Data Broker Services : De-Identification Services

Removing identifying information from patient data so that data cannot be linked to a specific person, mitigates privacy risks to individuals and reduces risk to the organization by minimizing the potential for data breaches. There is also no requirement to obtain authorizations/consents for use of de-identified data. De-identification thereby supports the secondary use of data for life sciences research as well as quality assurance, comparative effectiveness studies, precision medicine initiatives and other endeavors. De-identification attempts to balance the contradictory goals of using and sharing personal information while protecting privacy. Please note, use of de-identified data for Human Subject research, will still generally need IRB review.

The HIPAA Privacy Rule and associated guidance provides two methods for de-identification of health information:

  • Expert Determination Method: A person with appropriate knowledge of and experience with generally accepted statistical and scientific principles and methods for rendering information not individually identifiable:
    • Applying such principles and methods, determines that the risk is very small that the information could be used, alone or in combination with other reasonably available information, by an anticipated recipient to identify an individual who is a subject of the information; and
    • Documents the methods and results of the analysis that justify such determination.
  • Safe Harbor Method: (i) The 18 identifiers defined in the HIPAA Privacy Rule (45 CFR 164.514(b)(2)) as they pertain to the individual (or of relatives, employers, or household members of the individual) are removed and (ii) the covered entity does not have actual knowledge that the information could be used alone or in combination with other information to identify an individual who is a subject of the information

De-identification leads to information loss which may limit the usefulness of the resulting health information in certain circumstances.

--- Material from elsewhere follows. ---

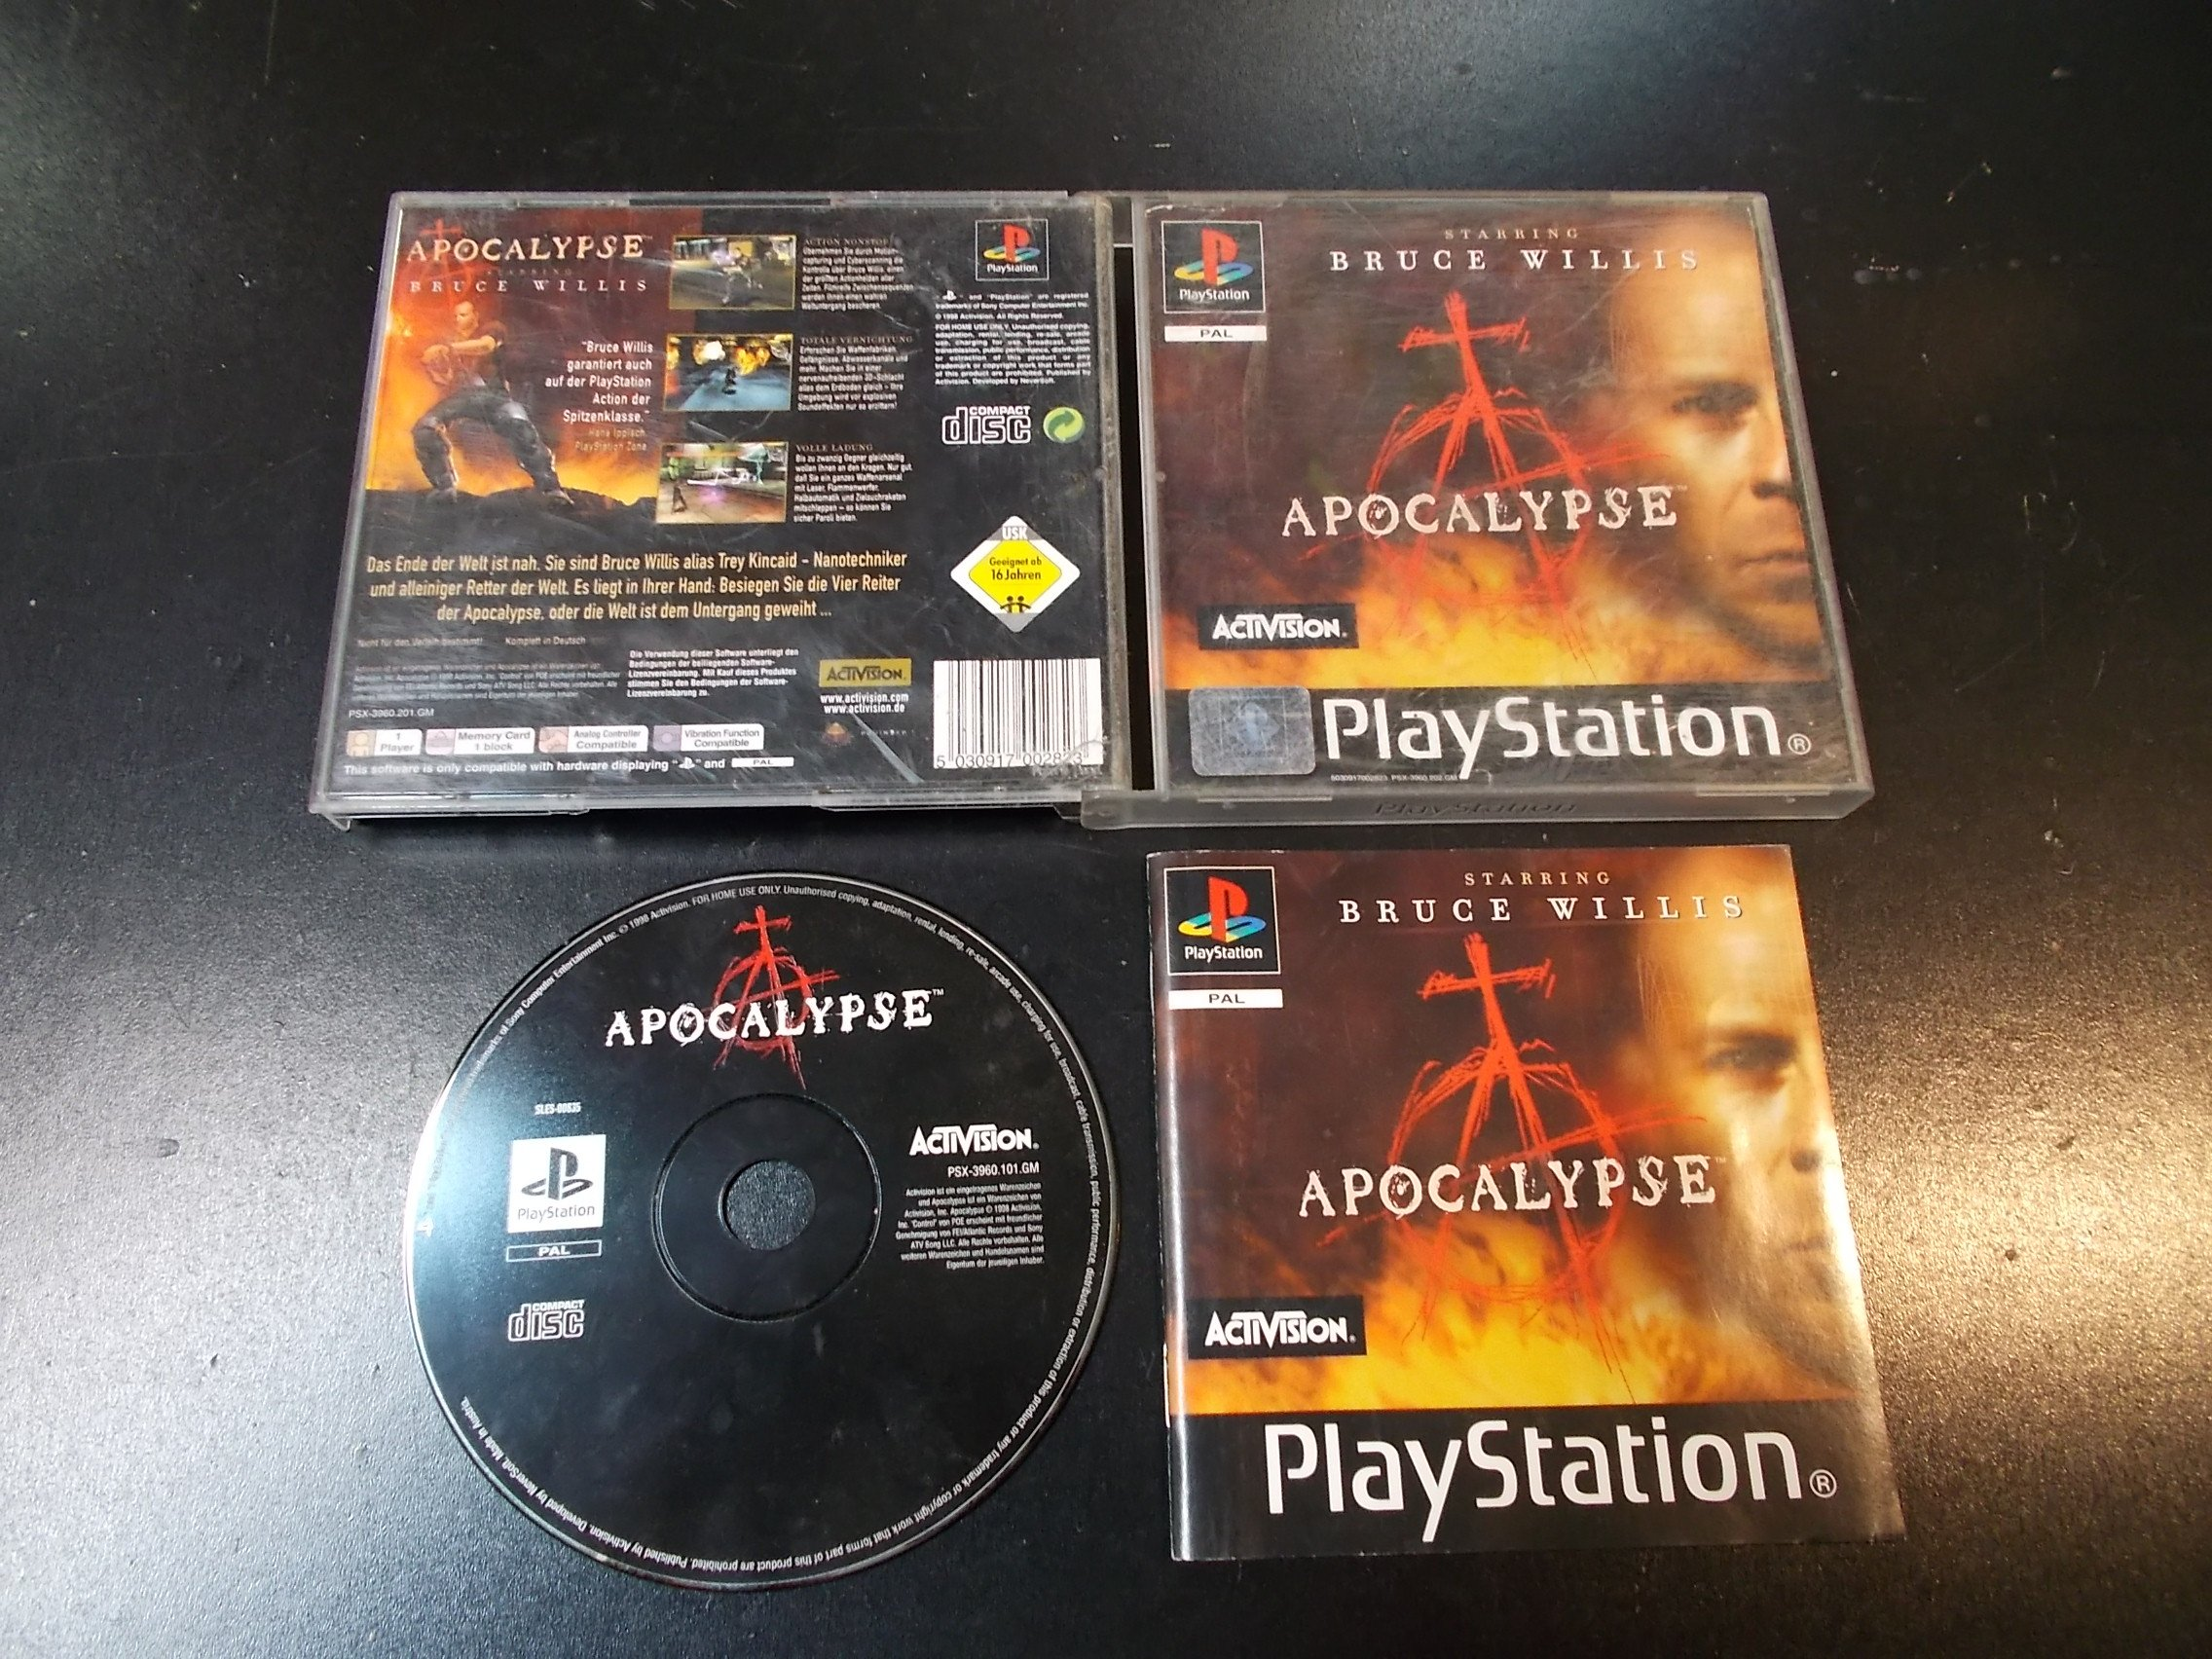 Apocalypse - GRA Psx Ps1 Sklep

This is particularly true for the safe harbor method which utilizes a strict, inflexible approach. The expert method takes a risk-based approach that applies current standards and best practices from de-identification research.

The Office of Privacy & Data Security, in conjunction with UHealth IT, provides services that can de-identify clinical data sets utilizing software solutions from Privacy Analytics, a market leader in the expert de-identification method. As with the safe harbor method, all direct identifiers such as name, social security number, medical record number, email address etc. must still be removed or masked. However, depending on the data sets, the expert method may allow greater flexibility in the handling of indirect identifiers such as, for example, zip code and dates of event. This results in potentially richer data sets that better preserves the analytical qualities of the data while simultaneously seeking an appropriately low probability of re-identification.

Privacy Analytics provides one tool for use in de-identification of structured data. Please note that the software requires data sets with unique record identifiers. UHealth IT will perform the initial extract of the data and can provide guidance on what data fields are available, criteria for data selection etc. This data set will then be passed to the data broker for de-identification.

The de-identification process is an iterative one, where multiple passes may be required through the data set to achieve a sufficiently low risk level. So using a date of birth (DOB) field as an example, generally speaking, de-identified data sets will not include the full date MM\DD\YYYY. An initial pass may be removing the DD component (really replacing all occurrences of actual DD with 01). So effectively the data set will be left with accurate month and year of the DOB MM\YYYY. This could yield an acceptable risk level and if so, the de-identified data set will include that level of precision i.e. accurate month and year of the original date. However, if the risk of re-identification is still above a threshold value, then another pass may be necessary requiring the removal of the month component. So in effect, for the net result to be a data set with an appropriately low level of re-identification, then potentially only the year YYYY component can be retained out of the DOB field. There is also an option to shift dates so that the entire date format is retained. All the dates for a particular patient can be shifted in a manner that attempts to maintain the relationship between different dates.

Hence this process may require frequent interaction and communication between the requestor and data broker to come to an acceptable solution that both acceptably de-identifies the data while retaining the analytical usefulness to the recipient.

Uniquely, Privacy Analytics also offers another tool for de-identification of unstructured data such as progress notes. Note that the unstructured data set (one single field containing free form text, for example) must be a separate and distinct data set from any structured data. These are two distinct tools that are run separately against their respective targets, so one tool is used only for structured data and the other tool is run against only unstructured data. This tool uses natural language processing techniques to detect personally identifiable information (PII) in unstructured text such as names, locations, IDs, CPT codes, age, dates, phone numbers and email addresses. Once this information is detected, there are multiple options to handle including masking (replacing the characters with *****) or replacing (a similar value is chosen at random to realistically mask the personal information, e.g. Bob Smith is replaced with John Jefferies).